We communicate with the other person through the relationships we have established, and at the same time, we initiate a relationship with the verbal and non-verbal communication we initiate. These relationships are such as mother-child, father-
child, mother-father, mother-neighbour relationships. Observing this relationship, the child can easily understand through which bond
you are communicating with him/her.
Communication requires reciprocal relationships, requiring people to have a common understanding of the meaning of certain words, sounds, signs and gestures
. In this context, the language we use and our tone of voice
are of great importance. If we compare this importance, 55% body language, 38% tone of voice and 7% words are effective.
How Can I Communicate Effectively with My Child?
Now I will tell you about some important details in the relationship we establish with children.
1- First of all, decide correctly when to start communication. If the child is in a problem situation, never own his/her problem; he/she will definitely express himself/herself unless something very contrary happens.
2-Use the "I" language. Communicate through the child's behavior. Be perceptive, not judgmental.
3-Be empathetic. First let him describe the current situation. Then ask him what he thought about this situation and how he felt afterwards. When you do this item correctly, it will be an element that will enable your child to understand that the ability to determine the situation and to manage emotions by asking about thoughts before emotions belongs to thoughts, and will be an element that will develop self-control in your child.
4- There are three ego-selves within every human being. These are adult self, child self, parent self
states. While communicating with our child and trying to understand his/her feelings, our child ego
state comes to the fore and if it hurts him/her, it is our ego state that speaks like a child by saying "I'll kiss it so it goes away, I'll beat whoever put it there." If we are a strict and authoritarian parent, let's at least use approving, approving sentences such as "Uh-huh, yes, I understand, it must really hurt
..." etc. to show that we understand your feelings.

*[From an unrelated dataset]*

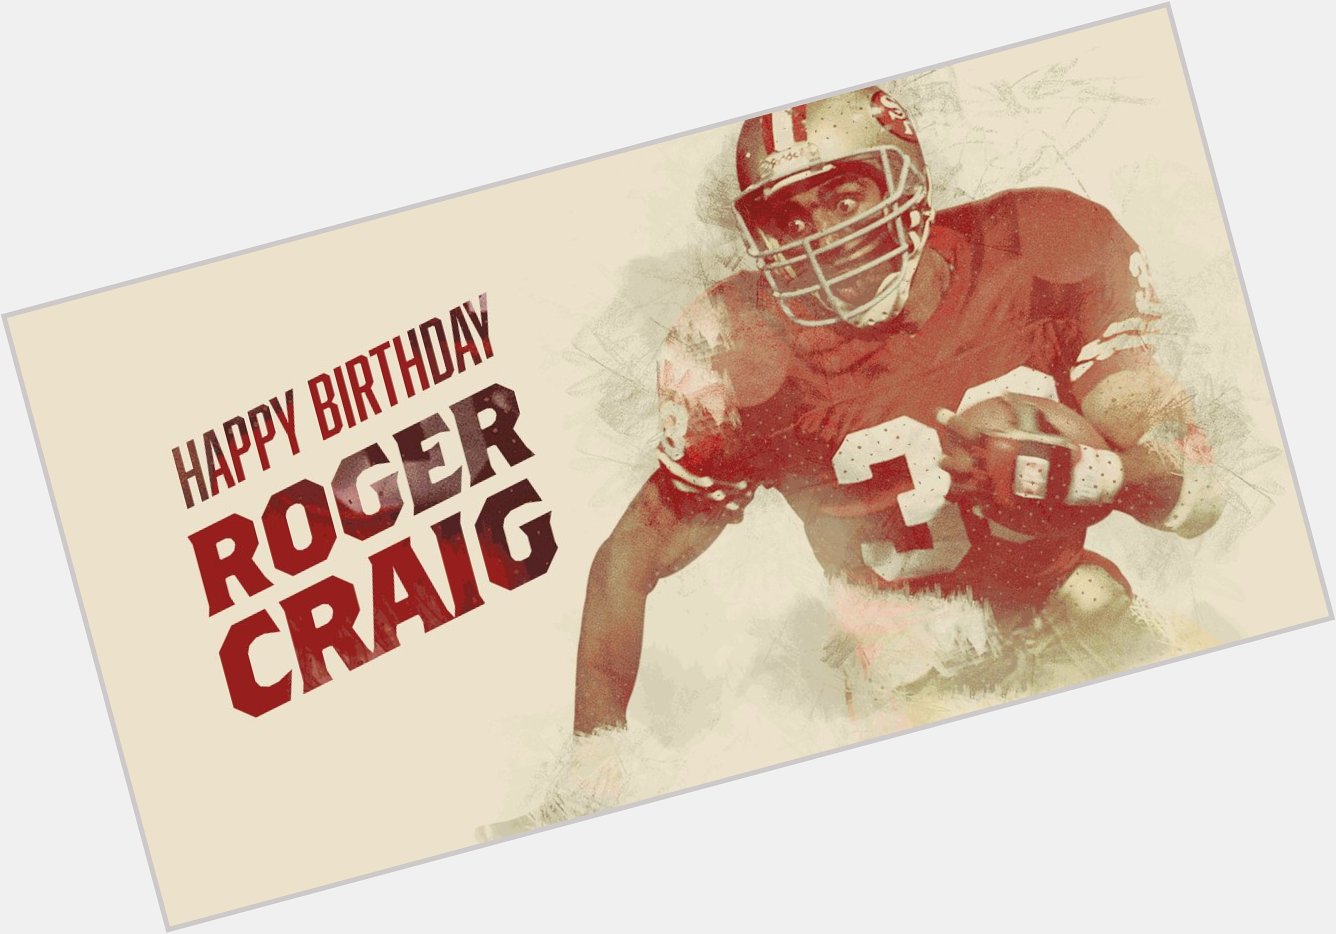 Help us wish Roger Craig a very happy birthday!

5 -Make sure to treat your children as desired. As a result of their behavior, you will reward them or make praising sentences
. However, I should especially point out that these sentences should have an impact on the child's behavior. Since personality begins to form at a very young age, when the child exhibits a negative behavior, praise or criticism such as "he is incompetent or you are great" may lead to shyness or overly self-confident narcissistic personality traits in the child's personality.
That's why praise should be like this; With sentences such as "I feel very happy when you act like this" or "I feel sad when you act like this", I focused on behavior, not personality, and showed a perceptive attitude rather than judging by using language. you will be.